From the falling of the sun until the break of dawn,
pouring ice-less cups of bourbon to free my tongue,
burning with each gulp as I exorcised my demons
on the back of half-torn slips of
empty bank statements and creditor threat letters.

My loving Kate stood sentinel outside the door,
occasionally sneaking in a tepid bowl of broth
or a grilled cheese sandwich;
she both hated me beyond all measure
and attended to my waking needs with a love that
stung me to my bitter core.
She stayed because she could see in me
what I could not, as I lay crucified beneath
her touch. I stayed with her so that someone
would be around to answer the angry phone.

In the daylight, awash in the cool grey light of morning,
I tucked away in the roll-topped desk
all evidence of my madness.
Beneath a shower of scalding water,
I made vain attempts to wash away my sins
of the previous night.
I stuffed my walking corpse into
a starched white linen shirt,
draped with a burgundy tie,
and stepped into my fresh-pressed suit
(dear, Kate!) I kissed her dry lips goodbye.

Each day, I drive into the city,
interviewing for jobs I would never accept,
stopping by Tommy’s Irish Pub for a shot of Johnny,
and napping the afternoon away on a
faded green park bench outside the county courthouse.
At 5pm I headed home to flee the light once more.

Dinner would rest un-touched
as I passed straight through toward oblivion.
Kate would be at her spinning class
as I dropped the suit and all pretense,
pulled on a pair of faded jeans,
and slowly drifted into my melancholy.
Each day, I would rummage through her dresser,
lightly tracing my fingers over her satin underthings,
remembering when.
I’d pull another freshly bought
bottle of amber courage from the kitchen pantry
(dear, sweet Kate) and poured
myself another night.

My Wounds Shall Heal, So Too My Heart


 

 

 

 

 

 

 

Silence, once a precious sound
where tenderness and love were found;
Lies now beneath my swollen lips,
once tender ‘neath a lover’s kiss.

My world adorned in rainbow hues
turns black with bitter shades of blue.
Promises, once pledged, are broken,
shattered with a harsh word spoken.

The trust we found in wedded bliss
ground to dust beneath your fist.

This pitiful epiphany –
your quest to now diminish me?
Without consent cannot succeed,
despite how much you make me bleed.

For now my strength absorbs the blows,
but this, my love, you do not know
Your rage and hatred will not define me;
your brutal threats cannot confine me.

My wounds will heal, so, too, my heart
Despite the love you’ve torn apart.

An Infinite Pain


And they will say, “At least he’s not in pain anymore.”

Really?

I have left this world just as I was beginning
to understand my role in it. I will never experience
the wonder of new lands, nor will I ever listen to the
crashing of a wave against the shore. I will never again
hike the wooded forests, or climb a lush green mountain.

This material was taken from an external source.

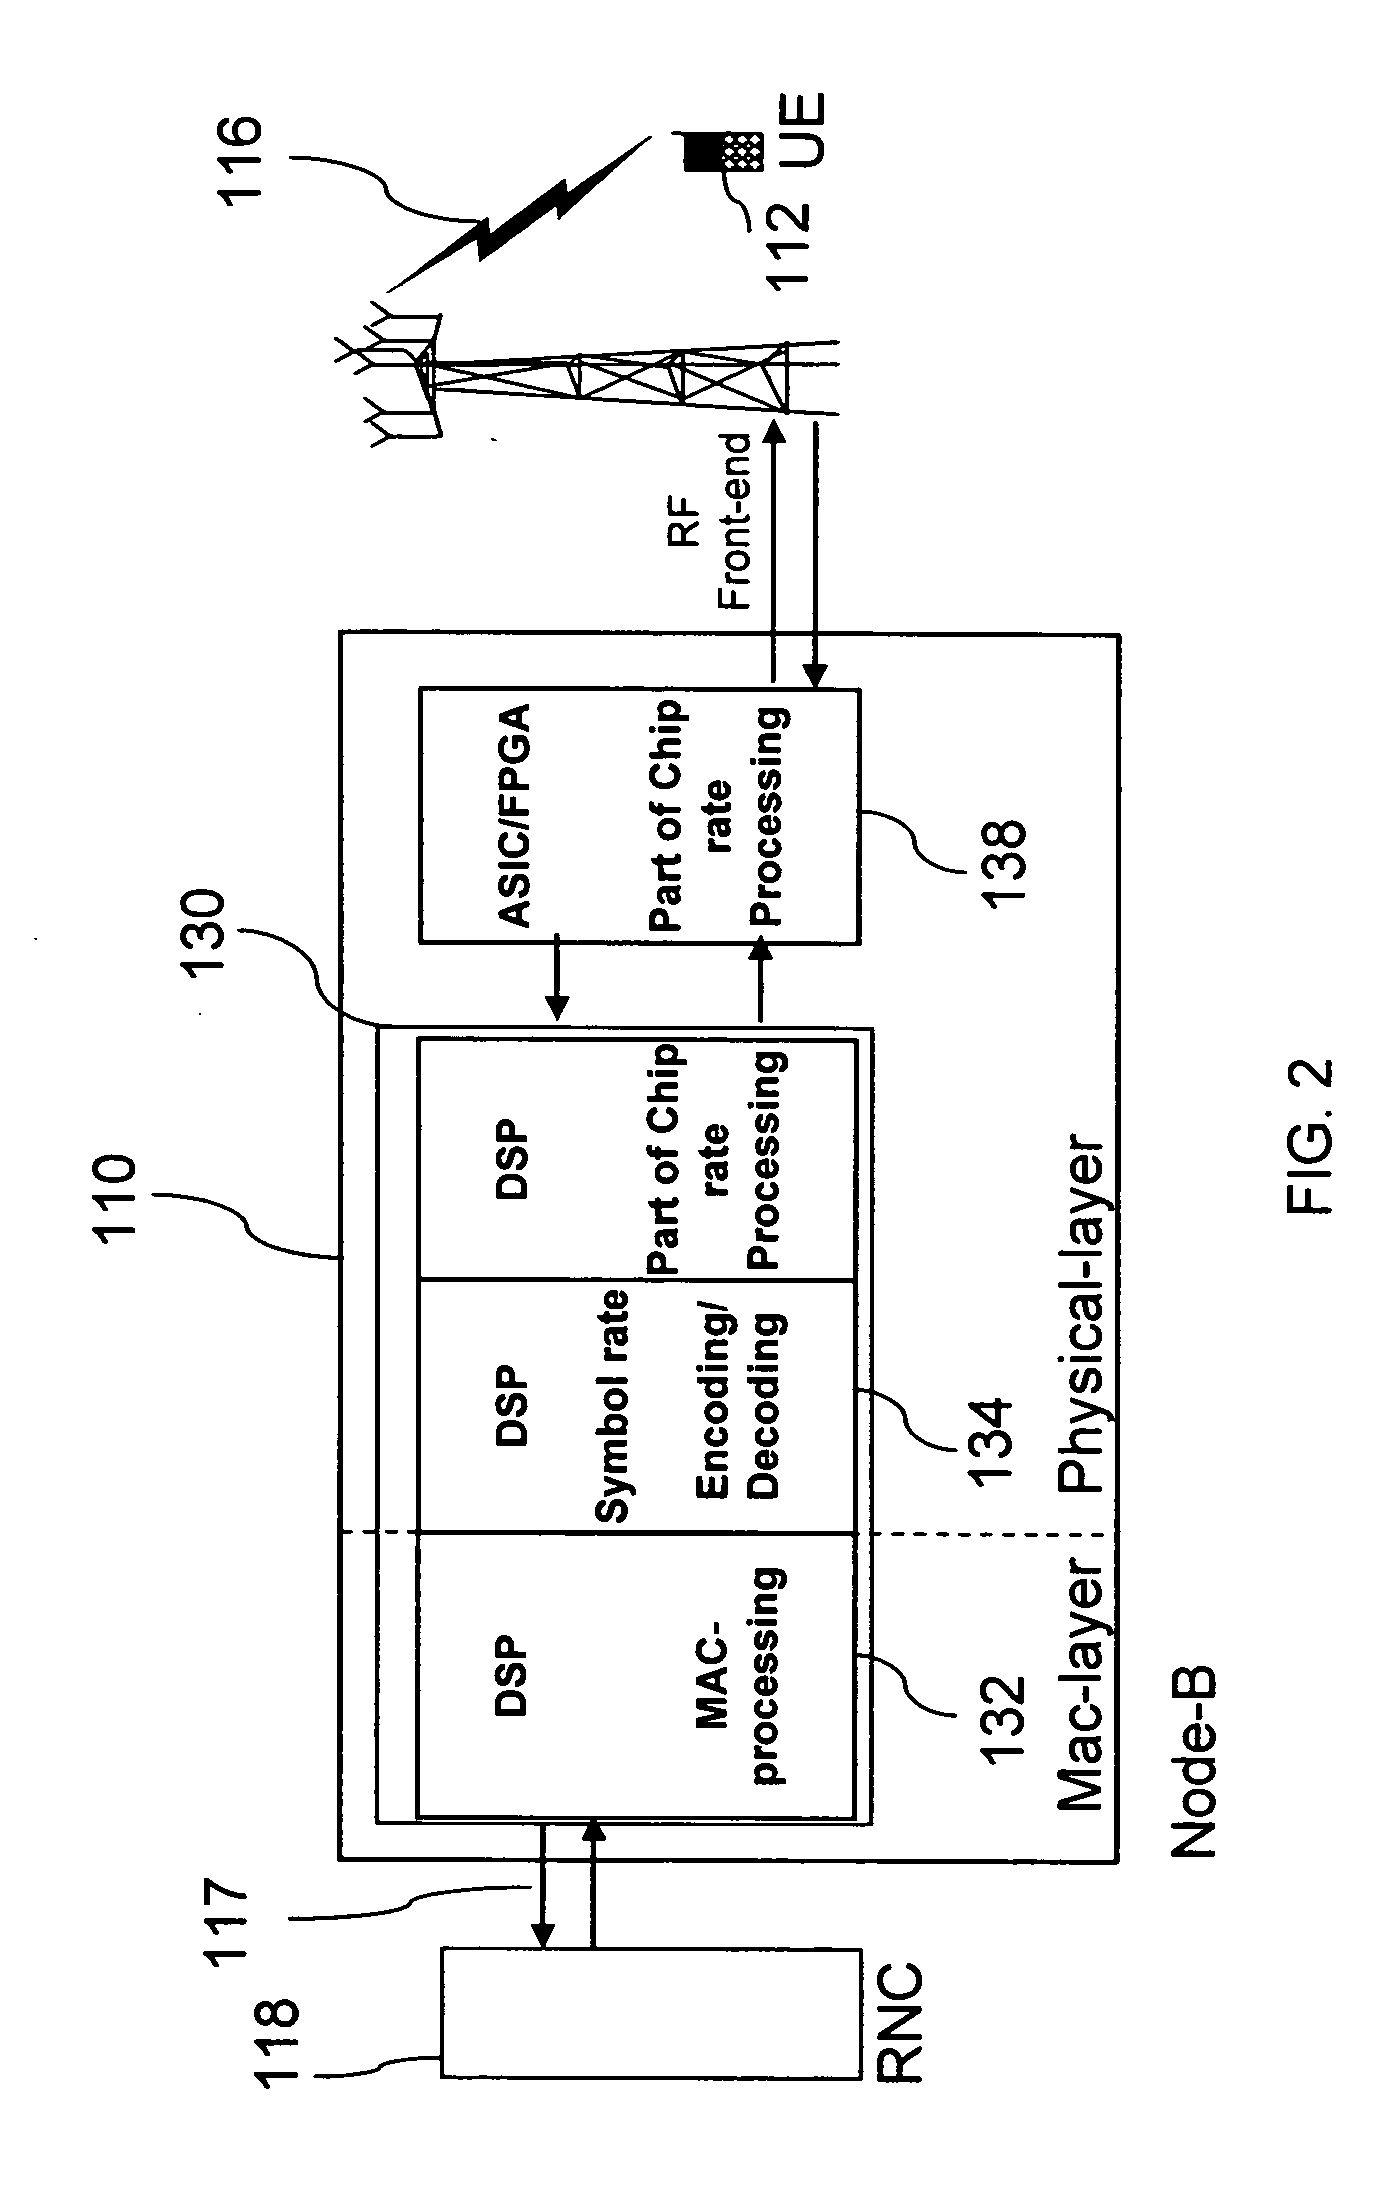 Enhanced processing methods for wireless base stations

I have widowed my wife and whisked away her best friend.
I will never feel the softness of her lips; hear the laughter in her voice.
I will never share with her my deepest secrets, nor will I receive hers.
I will never love again as I have loved.

I have taken my children’s father away
before they were even halfway home.
They will grow, and marry, and have children of their
own, children who will never be gathered into their
grandfather’s arms. In time, they will forget me
altogether.

I have ceased to be a friend, forever,
to those I held dearest. When my name is called, I will
not come. When I’m needed most, I will not come. I have
taken so much, and will never be there to return the favor.

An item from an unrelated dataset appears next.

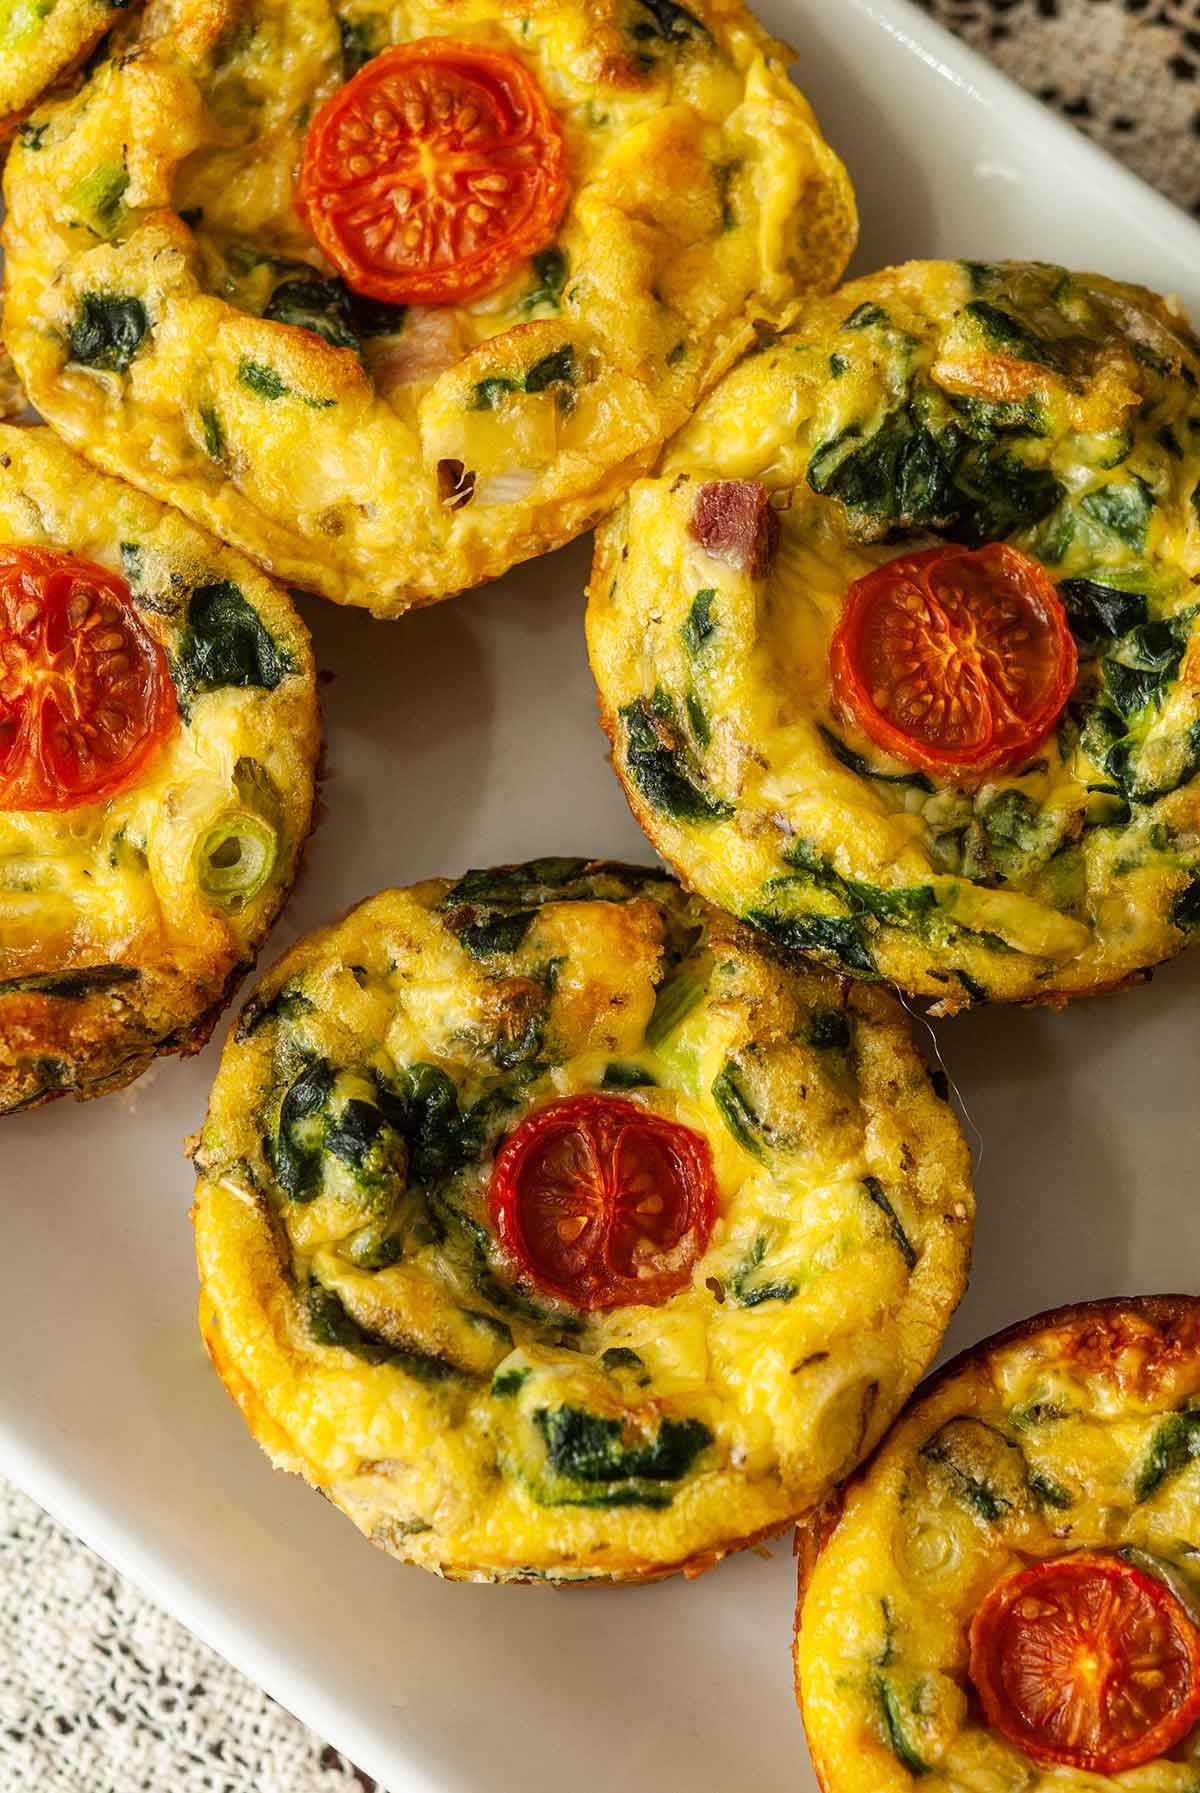 5 mini-quiches on a plate topped with tomatoes.

I will never feel the warmth of the sun
upon my face, or smell another fall as it rustles in. I shall
never shower in a spring rainstorm, nor will I taste another
snowflake in winter.

In what alternate universe does any of this mean I am free of pain?

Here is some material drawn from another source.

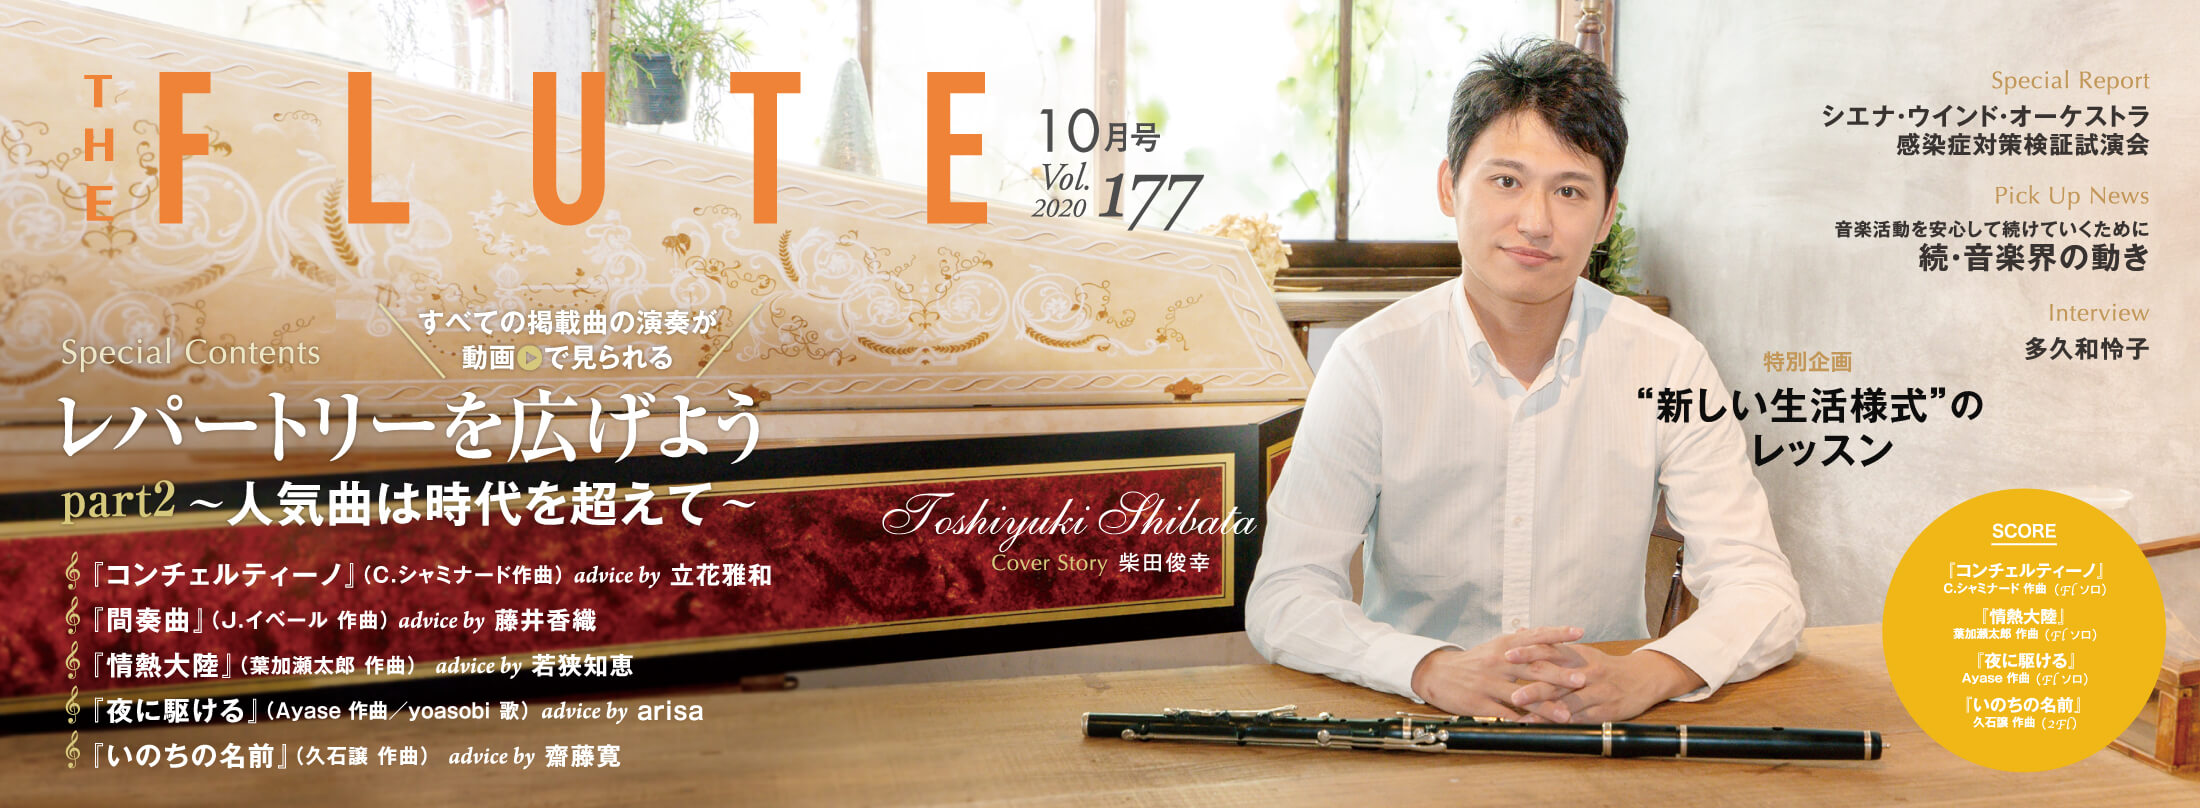 THE FLUTE177

To spend eternity in certain knowledge that I have failed everybody
and everything that I hold close in this life? I would rather live racked
with the physical pain of cancer for the remainder of my life than to
steal away a single day from those I treasure most.

Do not say, “At least he is not in pain anymore.”

My pain is infinite. My sorrow will bleed through the ages.